Could Netflix Become Buffett’s Next Stock?


netflixit is (NFLX -6.36%) the results for the first quarter of 2022 shocked its shareholders.

The company said it lost 200,000 subscribers – its first such drop in more than a decade. And due to the turmoil created by Russia’s invasion of Ukraine, Netflix has warned it could lose an additional 2 million paying customers in the second quarter.

The results forced many investors to sell their stock, plunging to its lowest price since 2017.

But ignored by most, the streaming giant leaked two “golden nuggets” of valuable information:

  1. Offering a free, ad-supported streaming channel, possibly in Q4, according to leaked internal memos and comments from CEO Reed Hastings.
  2. Executives told analysts they expect their company to achieve a major financial milestone this year, generating consistent positive free cash flow (FCF) for 2022 and beyond.

As unlikely as it may seem now, with the stock down 75% from last year’s highs, these announcements could turn the stock into a type of holding often prized by long-term investors like Warren Buffett.

Image source: Getty Images.

The Anatomy of a “Buffett Stock”

Most of Buffett’s businesses Berkshire Hathaway wallet – think about Apple, disney, Coca Cola, et al – sell products or services that change little from year to year. But customers keep coming back for more.

As a result, most of Buffett’s businesses have stable earnings, but also low debt while generating a steady stream of excess cash that can be funneled back into the business for future growth.

Then there’s Netflix.

For most of the past decade, the company has been spending big on cutting-edge shows and movies. In turn, these programs attracted millions of new subscribers and generated a steady stream of profits.

But the flow of money from subscription fees has never been enough. Over the past 10 years, Netflix has spent an average of $860 million more annually than it has earned.

The company did the rest by tapping into the bond market. Between 2015 and 2020, Netflix increased its level of long-term debt by 600%. As of the first quarter of 2022, it still owed $14.5 billion to bond investors (more details below).

For Netflix, the problem is that once a hit series ends, the company has few options (other than a small revenue stream from DVD sales) to rebroadcast the same show to a new audience and be paid for it.

An ad-supported streaming channel gives Netflix a “buffet-style” way to generate recurring revenue long after a program has lost its buzz-worthy status. According to some estimates, a Netflix “free channel” could bring in as much as $2-3 billion a year in additional revenue, and that’s just getting started. It is money that the company can use to pay down its debt or buy back its own shares.

Recent studies point to massive growth in ad-supported streaming. The market has grown by more than 20% in each of the past two years and will likely triple in size to over $31 billion by 2026.

For Netflix, one way to compare the possibilities is to look at the average revenue per subscriber — $14.91 — according to its Q1 2022 results. Roku (ROKU -6.14%) an ad-supported free streaming competitor generates an average revenue of $42.91 per user, nearly three times as much.

Will 2022 be the financial turning point?

Still, Netflix executives say their company is already on track to hit another Buffett-worthy milestone this year: consistently positive FCF.

During the company’s first quarter 2022 conference call, Chief Financial Officer Spencer Neumann told analysts “We will [have] positive free cash flow this year…and we’ll continue to build on that in the years to come.”

Why is this a big problem?

Companies that generate a lot of cash year after year like walmart, Exxon, and other blue chip companies achieve investment grade credit ratings.
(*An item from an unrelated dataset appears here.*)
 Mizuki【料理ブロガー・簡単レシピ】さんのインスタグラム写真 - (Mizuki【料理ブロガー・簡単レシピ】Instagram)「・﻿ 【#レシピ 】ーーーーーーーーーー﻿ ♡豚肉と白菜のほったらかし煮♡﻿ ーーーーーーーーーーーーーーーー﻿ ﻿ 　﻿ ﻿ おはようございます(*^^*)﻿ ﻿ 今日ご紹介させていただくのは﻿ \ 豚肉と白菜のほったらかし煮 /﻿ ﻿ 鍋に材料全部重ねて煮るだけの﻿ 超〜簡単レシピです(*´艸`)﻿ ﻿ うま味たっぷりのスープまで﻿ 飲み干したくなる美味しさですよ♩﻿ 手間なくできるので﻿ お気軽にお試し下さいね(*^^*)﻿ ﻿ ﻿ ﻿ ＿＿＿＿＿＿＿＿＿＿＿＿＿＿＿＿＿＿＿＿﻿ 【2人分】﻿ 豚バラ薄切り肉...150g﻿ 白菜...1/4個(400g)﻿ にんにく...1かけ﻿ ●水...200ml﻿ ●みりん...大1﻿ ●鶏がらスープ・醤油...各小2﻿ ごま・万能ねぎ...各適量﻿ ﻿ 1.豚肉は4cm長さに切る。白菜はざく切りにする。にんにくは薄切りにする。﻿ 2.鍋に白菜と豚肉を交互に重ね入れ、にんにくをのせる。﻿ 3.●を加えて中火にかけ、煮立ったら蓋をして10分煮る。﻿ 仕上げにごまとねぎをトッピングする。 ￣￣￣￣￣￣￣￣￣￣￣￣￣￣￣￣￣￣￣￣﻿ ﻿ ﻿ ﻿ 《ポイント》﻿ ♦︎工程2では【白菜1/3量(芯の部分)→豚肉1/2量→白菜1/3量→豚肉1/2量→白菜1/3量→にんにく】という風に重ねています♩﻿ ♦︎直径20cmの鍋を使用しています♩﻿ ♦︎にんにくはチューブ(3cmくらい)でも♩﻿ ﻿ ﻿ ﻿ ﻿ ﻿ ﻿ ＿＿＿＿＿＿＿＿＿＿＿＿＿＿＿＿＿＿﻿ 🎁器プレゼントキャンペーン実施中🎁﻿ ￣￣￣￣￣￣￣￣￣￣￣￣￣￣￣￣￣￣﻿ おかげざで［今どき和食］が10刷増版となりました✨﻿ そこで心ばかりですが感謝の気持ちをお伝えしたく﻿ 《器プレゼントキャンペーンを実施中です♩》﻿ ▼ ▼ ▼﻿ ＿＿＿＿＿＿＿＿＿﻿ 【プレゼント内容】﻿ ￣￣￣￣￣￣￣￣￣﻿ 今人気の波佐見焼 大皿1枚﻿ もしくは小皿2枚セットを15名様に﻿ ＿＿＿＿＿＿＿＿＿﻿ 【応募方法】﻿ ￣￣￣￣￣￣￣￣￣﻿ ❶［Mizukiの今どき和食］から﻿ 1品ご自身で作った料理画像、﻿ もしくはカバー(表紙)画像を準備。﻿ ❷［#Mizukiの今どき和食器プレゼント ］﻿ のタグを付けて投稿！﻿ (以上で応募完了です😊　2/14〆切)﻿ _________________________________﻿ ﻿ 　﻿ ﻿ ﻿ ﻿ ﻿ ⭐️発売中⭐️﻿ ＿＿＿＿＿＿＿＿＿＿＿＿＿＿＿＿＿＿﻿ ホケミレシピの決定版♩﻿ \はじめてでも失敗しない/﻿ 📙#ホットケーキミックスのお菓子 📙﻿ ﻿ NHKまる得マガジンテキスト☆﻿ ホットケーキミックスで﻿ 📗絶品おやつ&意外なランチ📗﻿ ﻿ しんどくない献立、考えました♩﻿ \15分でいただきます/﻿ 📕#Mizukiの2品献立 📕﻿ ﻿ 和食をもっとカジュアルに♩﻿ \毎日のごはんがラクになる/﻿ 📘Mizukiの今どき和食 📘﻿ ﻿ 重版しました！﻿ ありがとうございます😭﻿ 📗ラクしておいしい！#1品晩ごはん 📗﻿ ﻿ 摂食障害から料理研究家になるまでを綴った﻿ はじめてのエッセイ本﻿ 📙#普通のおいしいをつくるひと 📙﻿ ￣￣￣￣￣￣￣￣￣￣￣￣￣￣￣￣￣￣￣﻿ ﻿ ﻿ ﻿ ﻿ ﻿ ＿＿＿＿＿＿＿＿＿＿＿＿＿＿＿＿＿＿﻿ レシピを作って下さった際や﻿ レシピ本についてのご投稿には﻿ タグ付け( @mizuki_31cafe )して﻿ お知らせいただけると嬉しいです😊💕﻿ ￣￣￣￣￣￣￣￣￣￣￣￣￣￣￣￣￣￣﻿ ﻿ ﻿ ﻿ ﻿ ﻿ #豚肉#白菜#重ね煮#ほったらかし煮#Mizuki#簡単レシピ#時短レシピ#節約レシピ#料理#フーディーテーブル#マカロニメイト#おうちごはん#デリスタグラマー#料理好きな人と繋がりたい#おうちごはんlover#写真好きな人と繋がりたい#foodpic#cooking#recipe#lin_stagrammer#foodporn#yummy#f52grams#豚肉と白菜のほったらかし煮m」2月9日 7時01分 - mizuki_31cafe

So they have very low borrowing costs.

As successful as Netflix is ​​as a business, its bonds are still rated as waste by analysts from Moody‘s.

But in a nod to Netflix’s growing financial strength, the credit-rating company said in April that it would likely upgrade Netflix’s bonds to investment grade in coming quarters as it demonstrates ” new levers to increase revenues and free cash flow”.

What about Netflix stocks?

Netflix shares will likely continue to be weak in the near term. But the company is still very profitable.

Analysts expect the company to post slightly lower earnings of $10.94 per share this year, about 3% below 2021. Part of this decline is due to increased competition for new subscribers from competitors. streaming like Disney, Primordial, and others. Netflix also lost Russia as a source of new subscribers due to the war in Ukraine.

Still, if we divide Netflix’s stock price (about $170 at the time of this writing) by the company’s projected annual earnings for 2022, that gives the stock a price-earnings ratio of 15 – its level of lowest valuation since obscurity. days of the 2008 US financial crisis.

Looking to 2023, analysts expect Netflix earnings to resume a double-digit annual percentage growth pattern, reaching $12.62 and rising further to $15.30 in 2024.

If we put it all together, the company’s financial situation is steadily improving, alongside the promise of an ad-supported free-to-air channel by the end of this year.

Combine these developments with the stock price’s sharp drop to “stock value” status, and Netflix could potentially attract a lot more attention from investors, including Buffett.